Di Pietro A, Conseil G, Pérez-Victoria J M, Dayan G, Baubichon-Cortay H, Trompier D, Steinfels E, Jault J M, de Wet H, Maitrejean M, Comte G, Boumendjel A, Mariotte A M, Dumontet C, McIntosh D B, Goffeau A, Castanys S, Gamarro F, Barron D
Institut de Biologie et Chimie des Protéines, UMR 5086 CNRS/Université Claude Bernard-Lyon I, Passage du Vercors, Lyon, France.
Cell Mol Life Sci. 2002 Feb;59(2):307-22. doi: 10.1007/s00018-002-8424-8.
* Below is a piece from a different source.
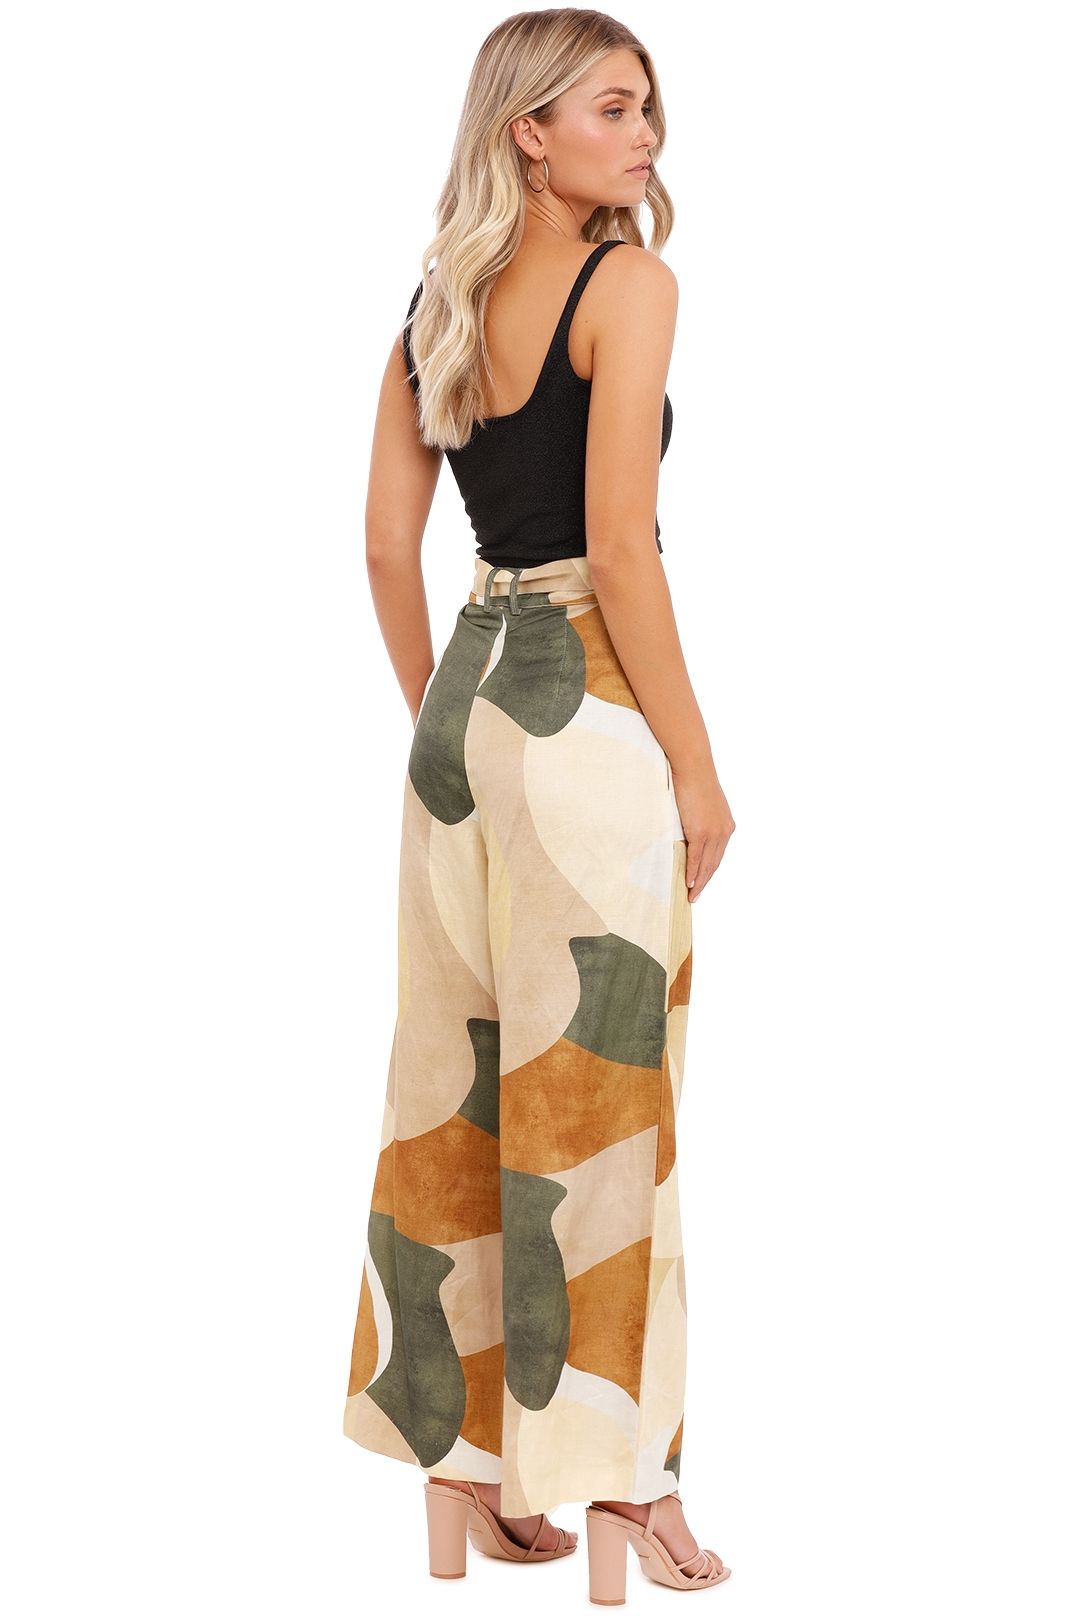 Ministry of Style Retro Resort Wide Leg Pants Maxi
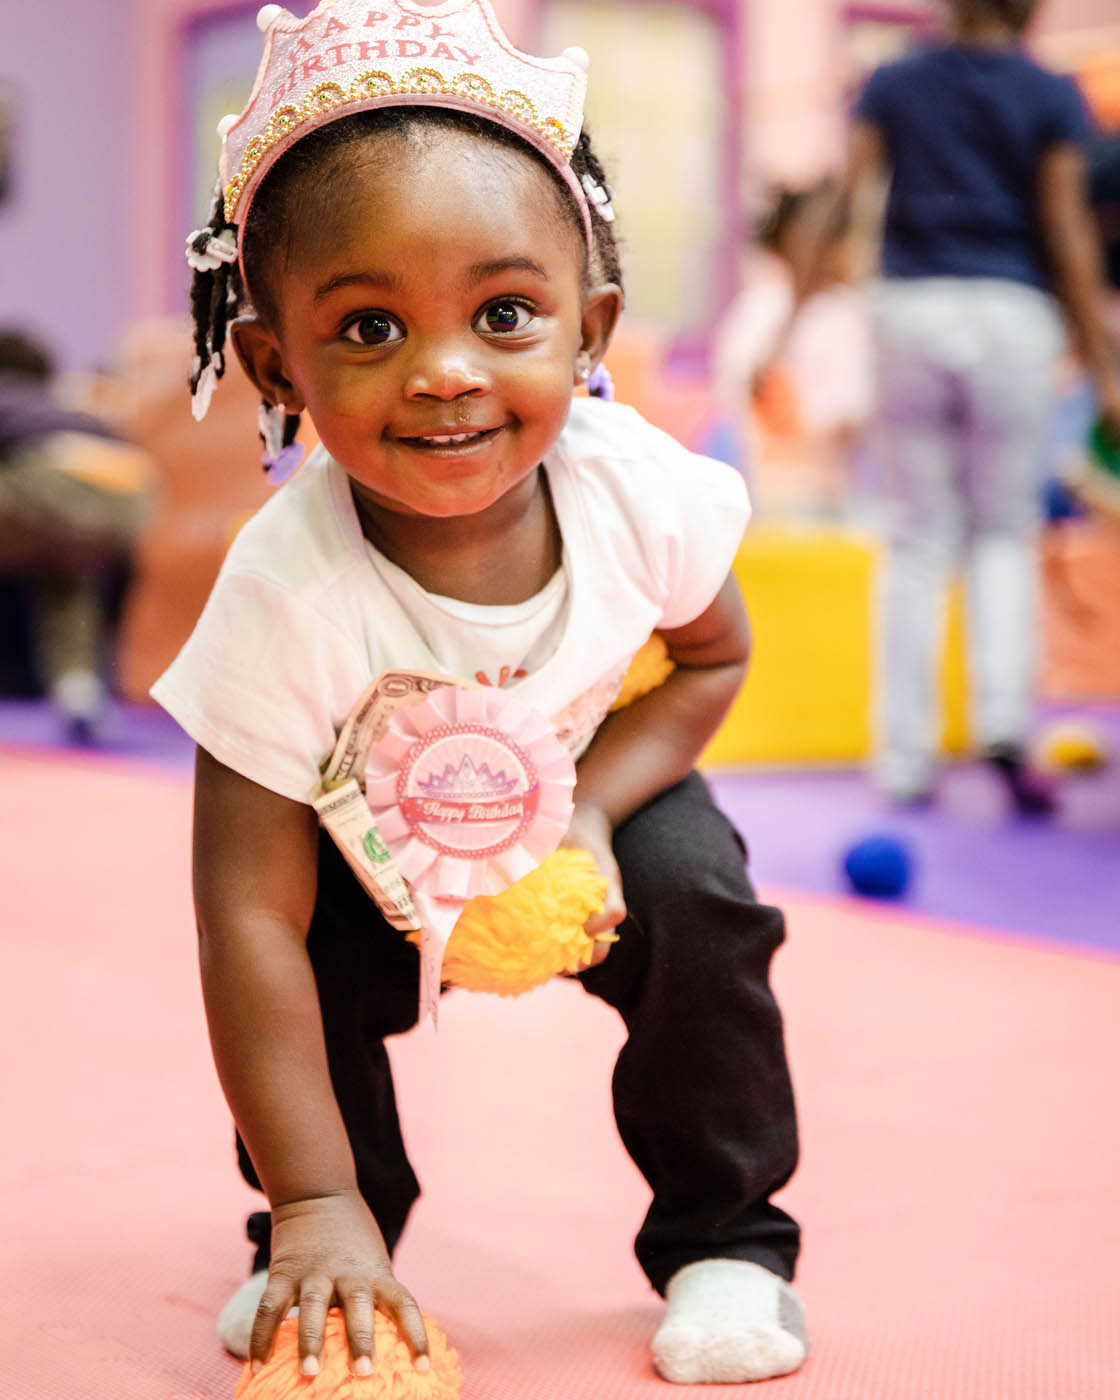 A toddler in a white shirt smiling at the camera, contact us today for toddler activities in Midlothian.

Cancer cell resistance to chemotherapy is often mediated by overexpression of P-glycoprotein, a plasma membrane ABC (ATP-binding cassette) transporter which extrudes cytotoxic drugs at the expense of ATP hydrolysis. P-glycoprotein (ABCB1, according to the human gene nomenclature committee) consists of two homologous halves each containing a transmembrane domain (TMD) involved in drug binding and efflux, and a cytosolic nucleotide-binding domain (NBD) involved in ATP binding and hydrolysis, with an overall (TMD-NBD)2 domain topology. Homologous ABC multidrug transporters, from the same ABCB family, are found in many species such as Plasmodiumfalciparum and Leishmania spp. protozoa, where they induce resistance to antiparasitic drugs. In yeasts, some ABC transporters involved in resistance to fungicides, such as Saccharomyces cerevisiae Pdr5p and Snq2p, display a different (NBD-TMD)2 domain topology and are classified in another family, ABCG. Much effort has been spent to modulate multidrug resistance in the different species by using specific inhibitors, but generally with little success due to additional cellular targets and/or extrusion of the potential inhibitors. This review shows that due to similarities in function and maybe in three-dimensional organization of the different transporters, common potential modulators have been found. An in vitro 'rational screening' was performed among the large flavonoid family using a four-step procedure: (i) direct binding to purified recombinant cytosolic NBD and/or full-length transporter, (ii) inhibition of ATP hydrolysis and energy-dependent drug interaction with transporter-enriched membranes, (iii) inhibition of cell transporter activity monitored by flow cytometry and (iv) chemosensitization of cell growth. The results indicate that prenylated flavonoids bind with high affinity, and strongly inhibit drug interaction and nucleotide hydrolysis. As such, they constitute promising potential modulators of multidrug resistance.
癌细胞对化疗的耐药性通常由P-糖蛋白的过表达介导,P-糖蛋白是一种质膜ABC(ATP结合盒)转运蛋白,它以ATP水解为代价排出细胞毒性药物。根据人类基因命名委员会的规定,P-糖蛋白(ABCB1)由两个同源部分组成,每个部分都包含一个参与药物结合和外排的跨膜结构域(TMD),以及一个参与ATP结合和水解的胞质核苷酸结合结构域(NBD),具有整体的(TMD-NBD)2结构域拓扑结构。来自同一ABCB家族的同源ABC多药转运蛋白存在于许多物种中,如恶性疟原虫和利什曼原虫等原生动物,它们会诱导对抗寄生虫药物产生耐药性。在酵母中,一些参与抗真菌剂耐药性的ABC转运蛋白,如酿酒酵母Pdr5p和Snq2p,具有不同的(NBD-TMD)2结构域拓扑结构,并被归类于另一个家族ABCG。人们花费了大量精力通过使用特异性抑制剂来调节不同物种中的多药耐药性,但由于存在其他细胞靶点和/或潜在抑制剂的外排,通常收效甚微。本综述表明,由于不同转运蛋白在功能上以及可能在三维结构上存在相似性,已发现了共同的潜在调节剂。使用四步法在大型黄酮类化合物家族中进行了体外“理性筛选”:(i)与纯化的重组胞质NBD和/或全长转运蛋白直接结合,(ii)抑制ATP水解以及能量依赖性药物与富含转运蛋白的膜的相互作用,(iii)通过流式细胞术监测细胞转运蛋白活性的抑制,以及(iv)细胞生长的化学增敏作用。结果表明,异戊烯基化黄酮类化合物具有高亲和力结合,并强烈抑制药物相互作用和核苷酸水解。因此,它们构成了有前景的多药耐药性潜在调节剂。